Coin Change - LeetCode 322 Solution in python

Coin Change medium

Problem Statement

You are given an integer array coins representing coins of different denominations and an integer amount representing a total amount of money.

Return the fewest number of coins that you need to make up that amount. If that amount of money cannot be made up by any combination of the coins, return -1.

You may assume that you have an infinite number of each kind of coin.

Example 1:

Input: coins = [1, 2, 5], amount = 11 Output: 3 Explanation: 11 = 5 + 5 + 1

Example 2:

Input: coins = [2], amount = 3 Output: -1

Steps and Explanation

This problem can be efficiently solved using dynamic programming. We'll create a DP table dp where dp[i] represents the minimum number of coins needed to make up the amount i.

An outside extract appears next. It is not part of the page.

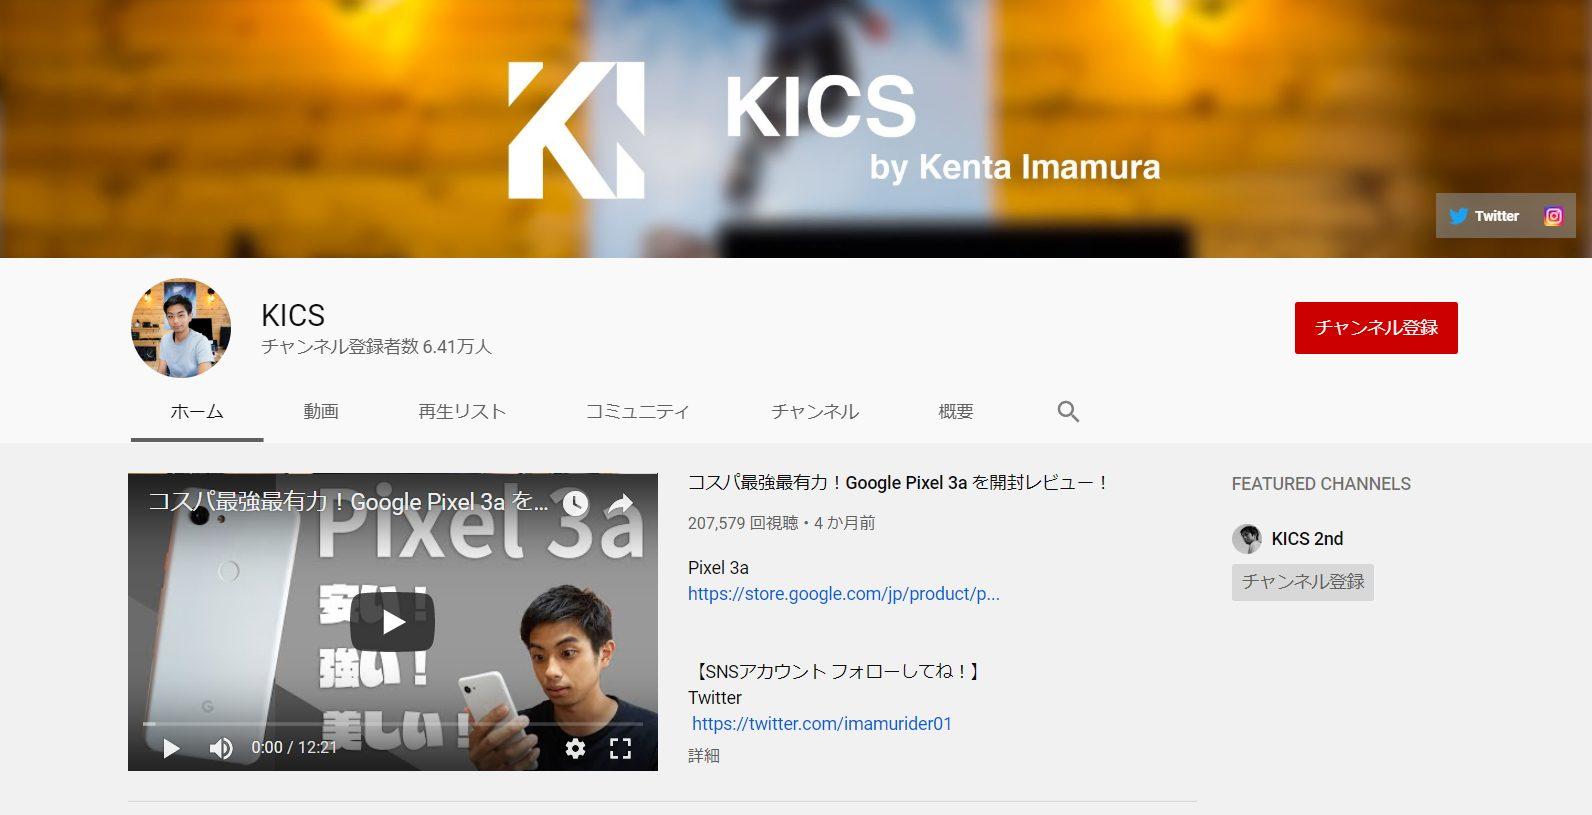 gadget-influencer-kicks-kenta-imamura

Initialization: We initialize dp with a size of amount + 1. dp[0] is 0 (no coins needed to make amount 0). The rest of the elements are initialized to amount + 1 (a value larger than any possible valid solution). This represents an impossible state initially.
Iteration: We iterate through each amount from 1 to amount. For each amount i, we iterate through each coin denomination c in coins.
DP Transition: If the coin c is less than or equal to the current amount i, it means we can use this coin. We update dp[i] with the minimum between its current value and dp[i - c] + 1. dp[i - c] represents the minimum coins needed for the remaining amount after using coin c, and we add 1 to account for using coin c.
Result: After iterating through all amounts, dp[amount] will contain the minimum number of coins needed to make up the amount. If dp[amount] is still amount + 1, it means it's impossible to make up the amount, so we return -1. Otherwise, we return dp[amount].

Code (C++)

#include <vector>
#include <limits> //for numeric_limits

class Solution {
public:
    int coinChange(std::vector<int>& coins, int amount) {
        std::vector<int> dp(amount + 1, amount + 1); // Initialize dp array
        dp[0] = 0; // Base case: 0 coins needed to make amount 0

        for (int i = 1; i <= amount; ++i) {
            for (int coin : coins) {
                if (i - coin >= 0) {
                    dp[i] = std::min(dp[i], dp[i - coin] + 1);
                }
            }
        }

        return dp[amount] > amount ? -1 : dp[amount]; //Return -1 if impossible
    }
};

Complexity Analysis

Time Complexity: O(amount * n), where n is the number of coin denominations. This is because we have nested loops iterating through amounts and coins.
Space Complexity: O(amount), due to the dp array of size amount + 1.

This detailed explanation and code provide a clear understanding of how to solve the Coin Change problem using dynamic programming in C++. Remember to include <vector> and <limits> for the code to compile correctly.